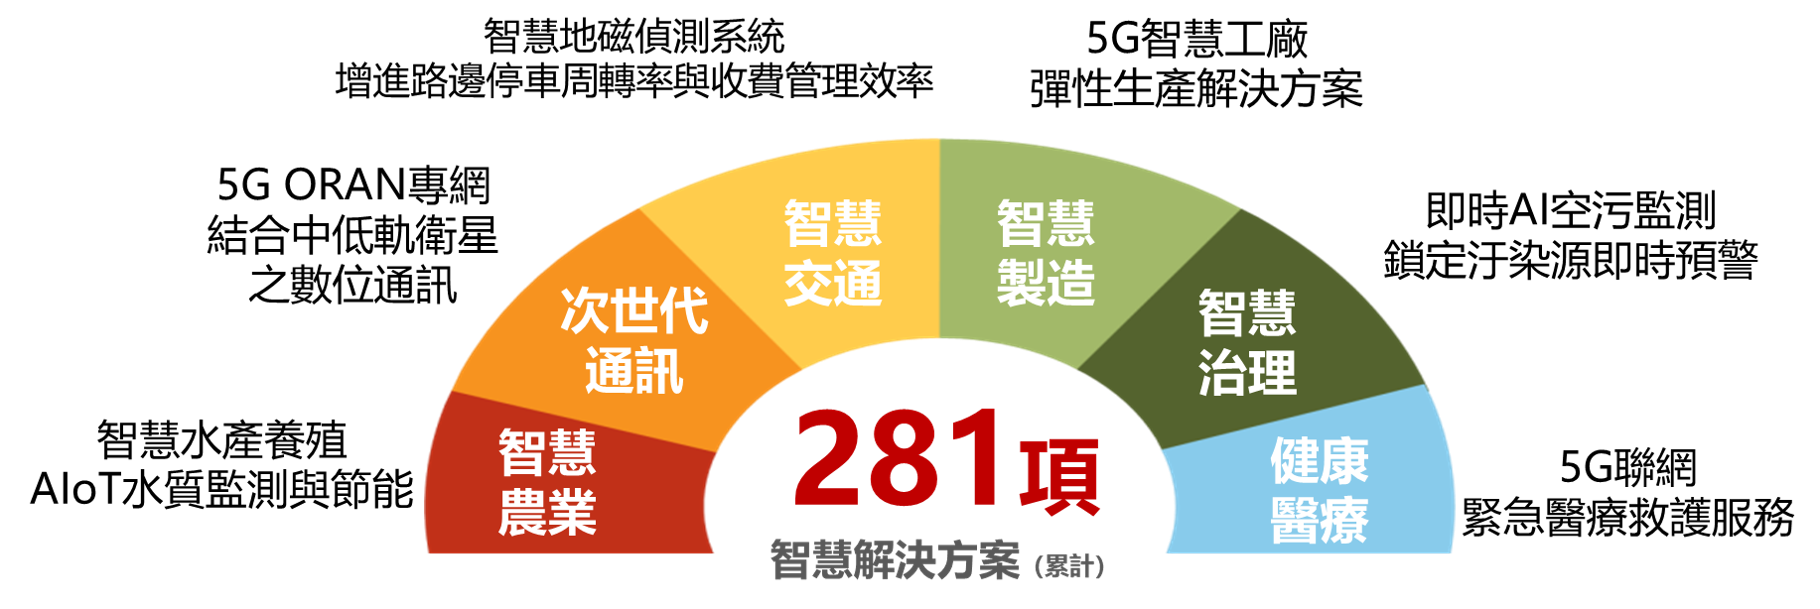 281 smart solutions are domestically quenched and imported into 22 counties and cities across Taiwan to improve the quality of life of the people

* * *

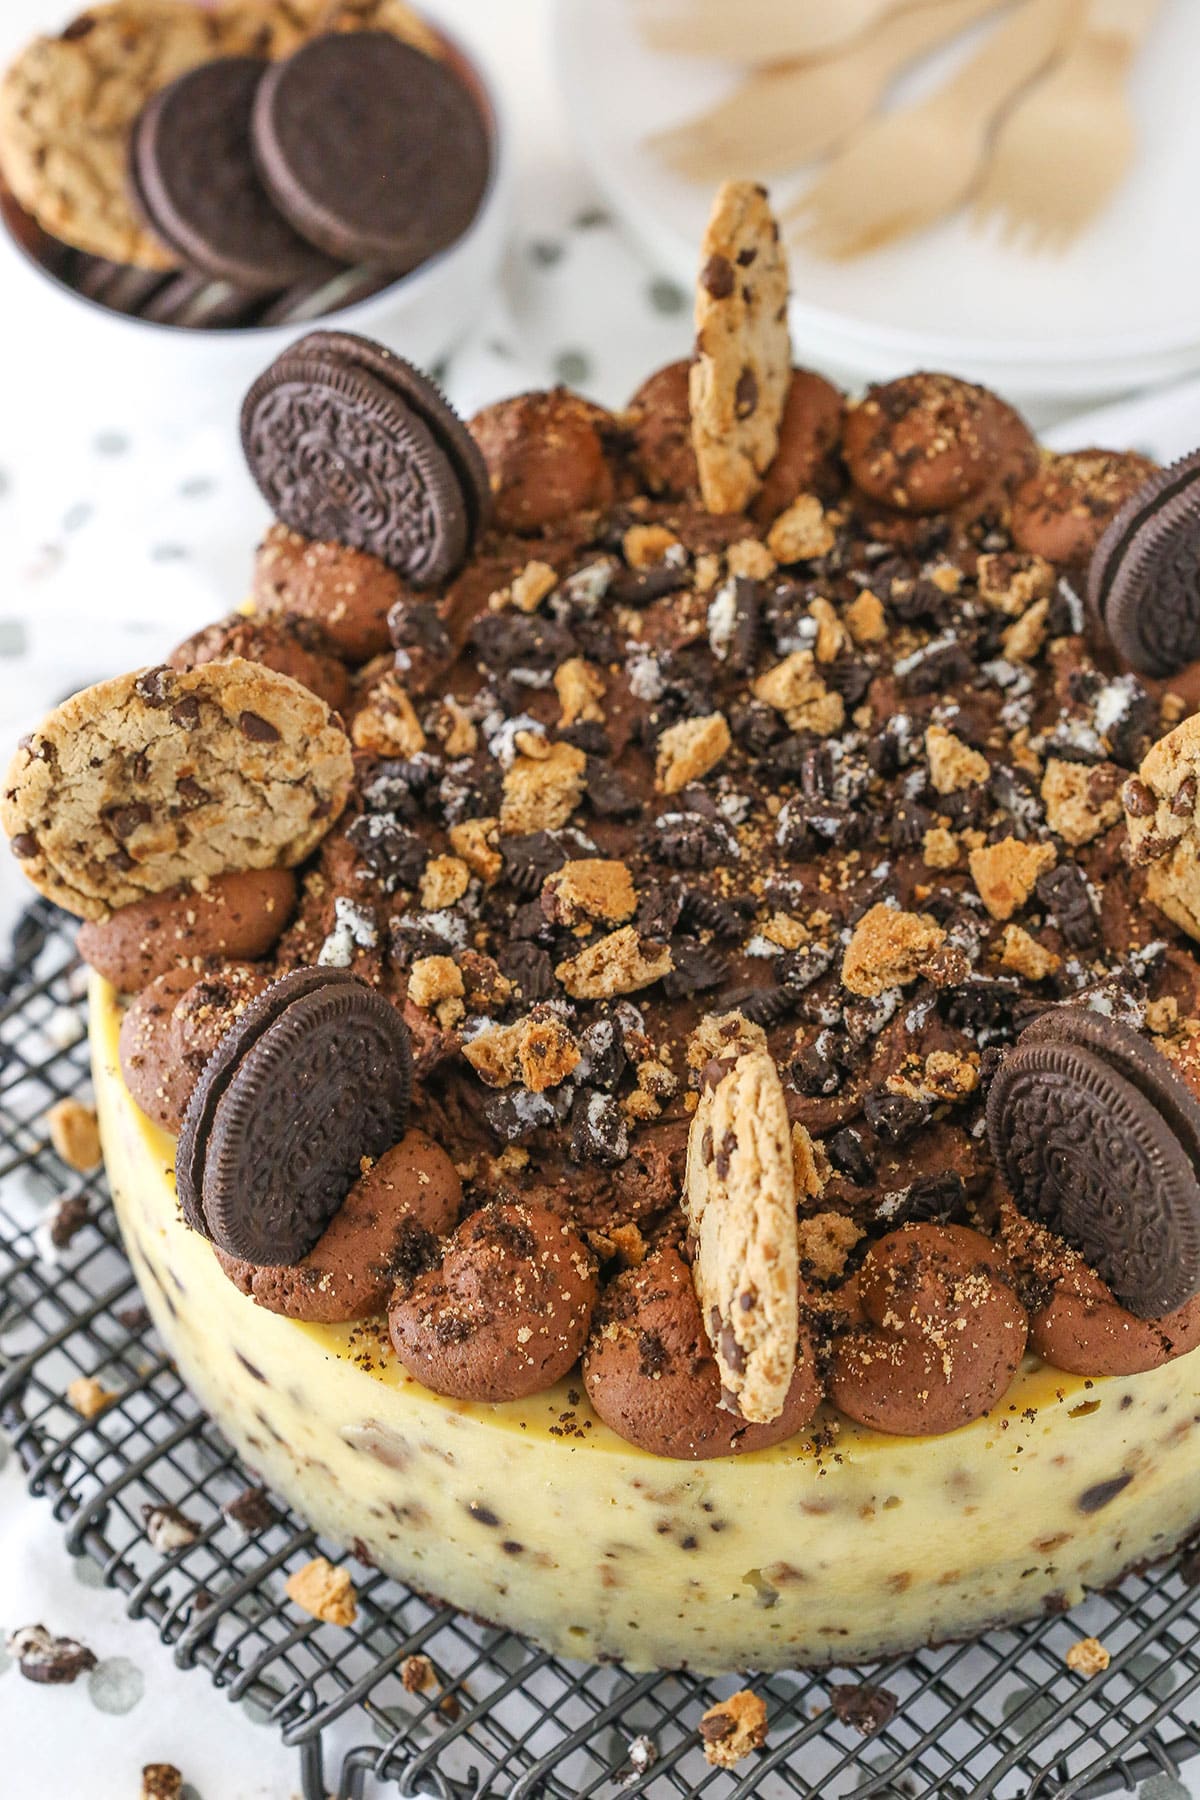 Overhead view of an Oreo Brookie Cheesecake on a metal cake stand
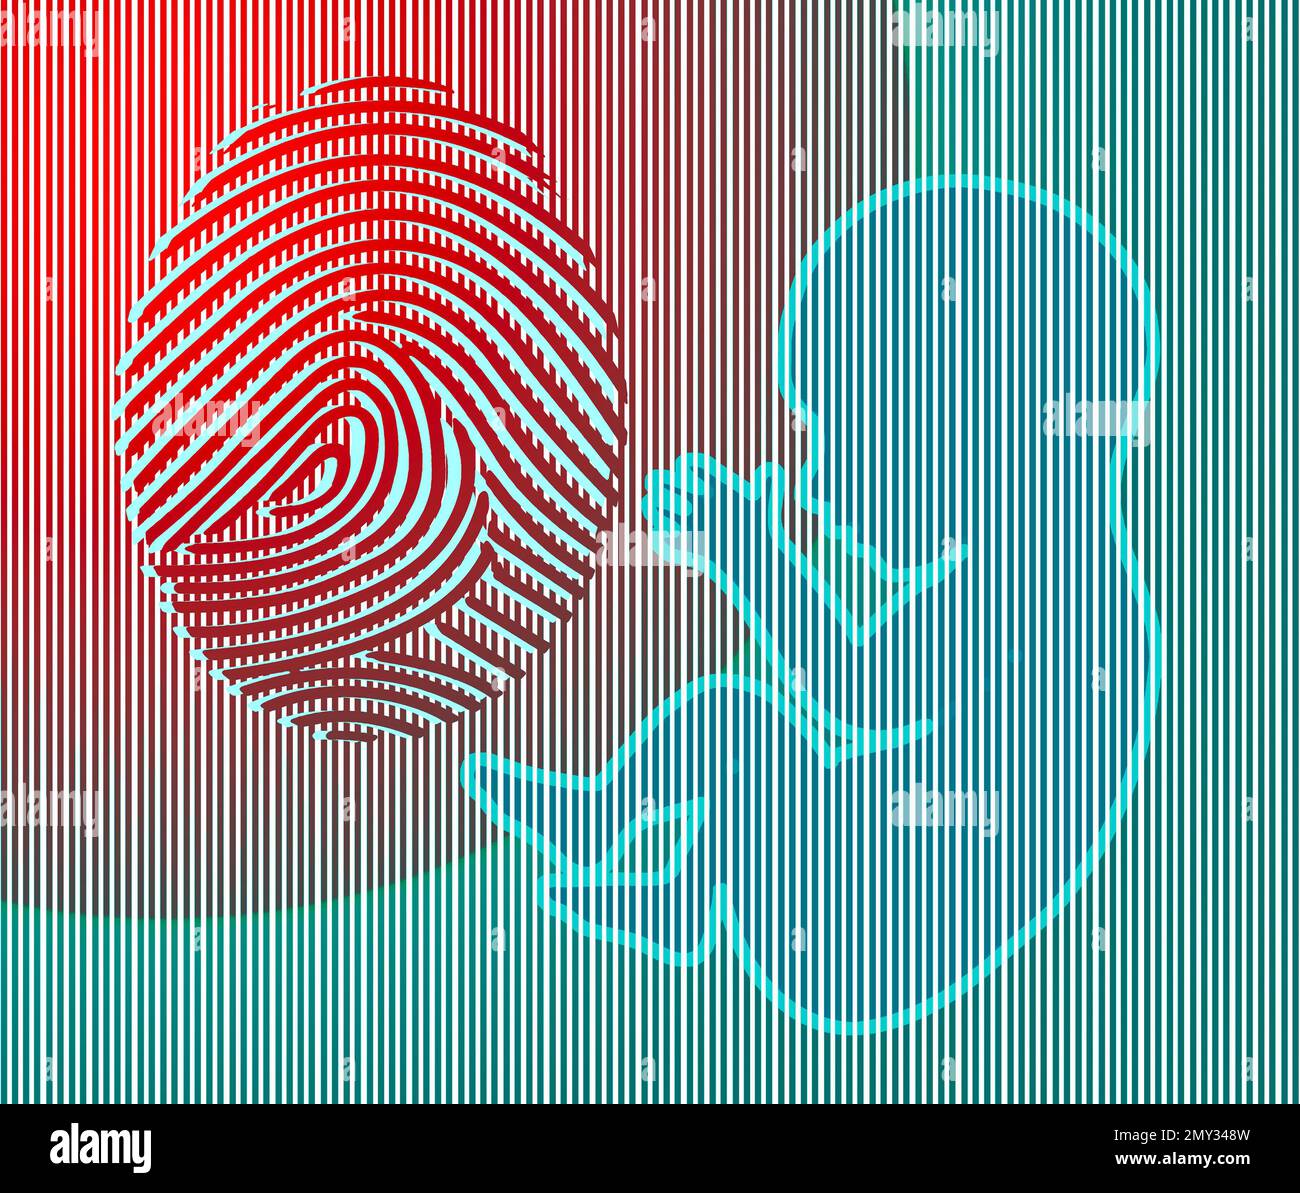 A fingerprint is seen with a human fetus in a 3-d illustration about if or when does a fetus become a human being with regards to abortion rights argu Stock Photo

### Work instruction
Could the stretch from the line with "Overhead view of" through the line with "A fingerprint is" in the listing above be restated word for word, minus the pictures?

### Exercise output
 Overhead view of an Oreo Brookie Cheesecake on a metal cake stand
 A fingerprint is seen with a human fetus in a 3-d illustration about if or when does a fetus become a human being with regards to abortion rights argu Stock Photo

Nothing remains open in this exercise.